Qwest customers challenge DSL early temination fees

It’s been a while since we’ve reported on the evil Q’s activities. True telco form, even the diminutive Qwest is working hard to keep up its end of the bad duopoly business practice drama. For the Q’s customers, “guaranteed for life” may end up seeming like how long you’re obligated to subscribe.

If you subscribe to any duopoly service, read the details. This is where the gotchas are hidden. in the case of Qwest’s “guaranteed for life” broadband prices offering, it comes in the for of early termination fees and a long contract. A few Qwest customers may help change this as they have sued to challenge these unjustifiable charges. It would have been much simpler to not agree to the service, but when you deal with a duopoly, there may be no other option.

Qwest’s termination fees are part of its “price for life” broadband plans offering $30 and up service. According to the complaint, residents of Washington state and Minnesota say they were charged $200 for bailing out of their broadband service.

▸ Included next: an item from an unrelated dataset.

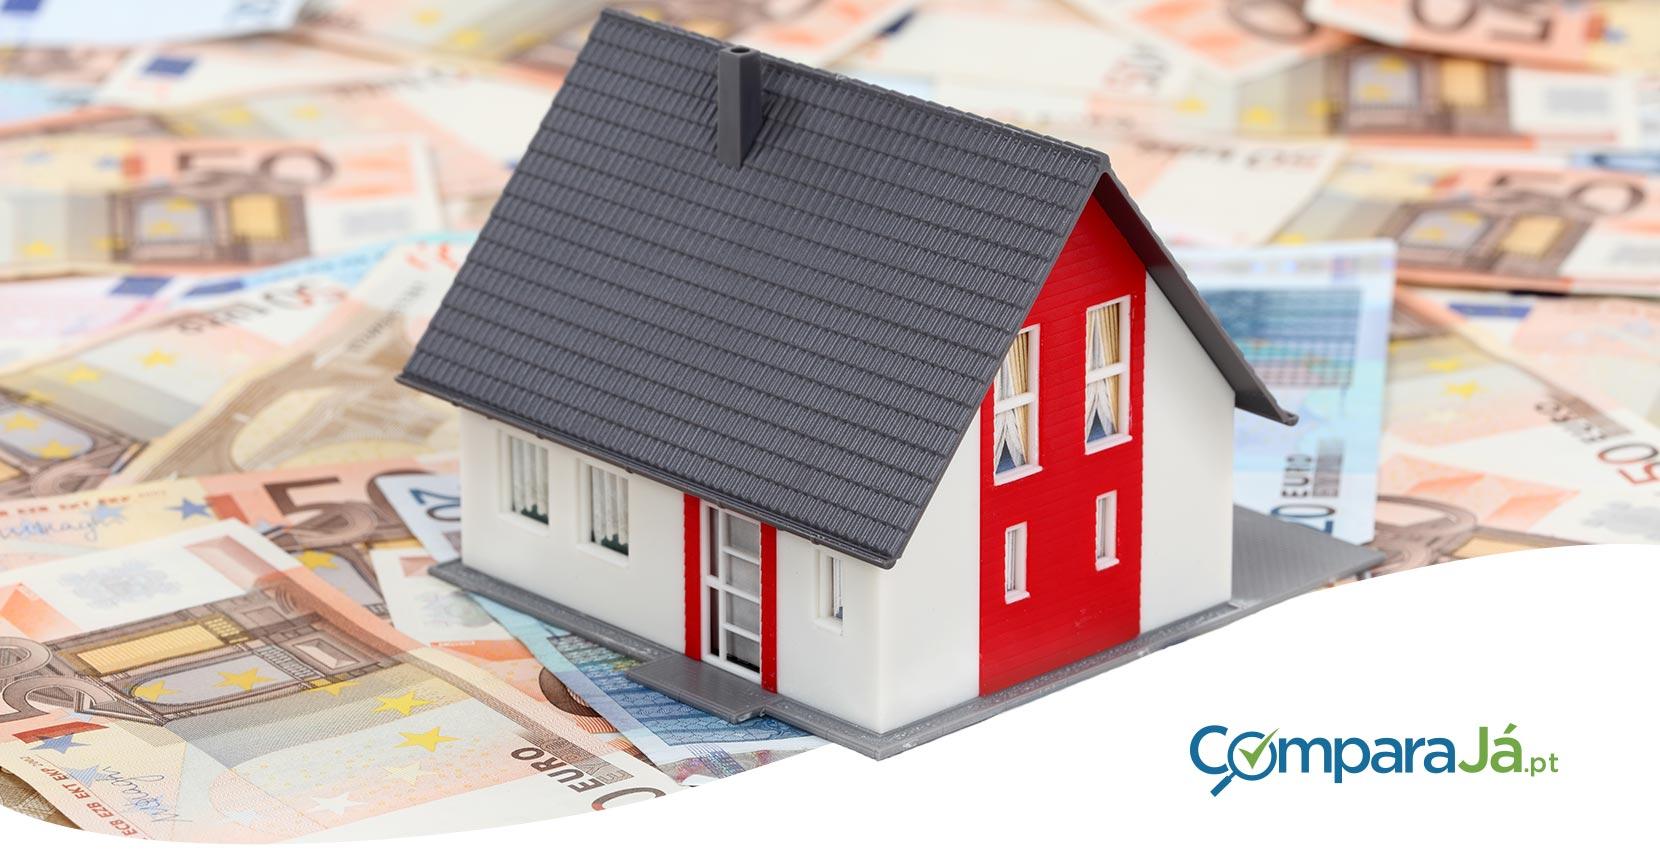 INFOGRÁFICO: Uma Casa de Sonho à Distância de um Empréstimo

A lawyer representing the plaintiffs says Qwest markets its price-for-life plans as requiring a two year agreement, but customers don’t sign a contract. The fees apply regardless of when a customer cancels service during those two years. The lawsuit argues that such a lengthy term requires a written agreement, and the fee isn’t a good faith estimate of what the real damages are.

Unlike wireless service lawsuits, customers canceling wireless service still have their cell phones - former broadband subscribers don’t have an expensive mobile phone to show for their commitments. (Fierce Telecom)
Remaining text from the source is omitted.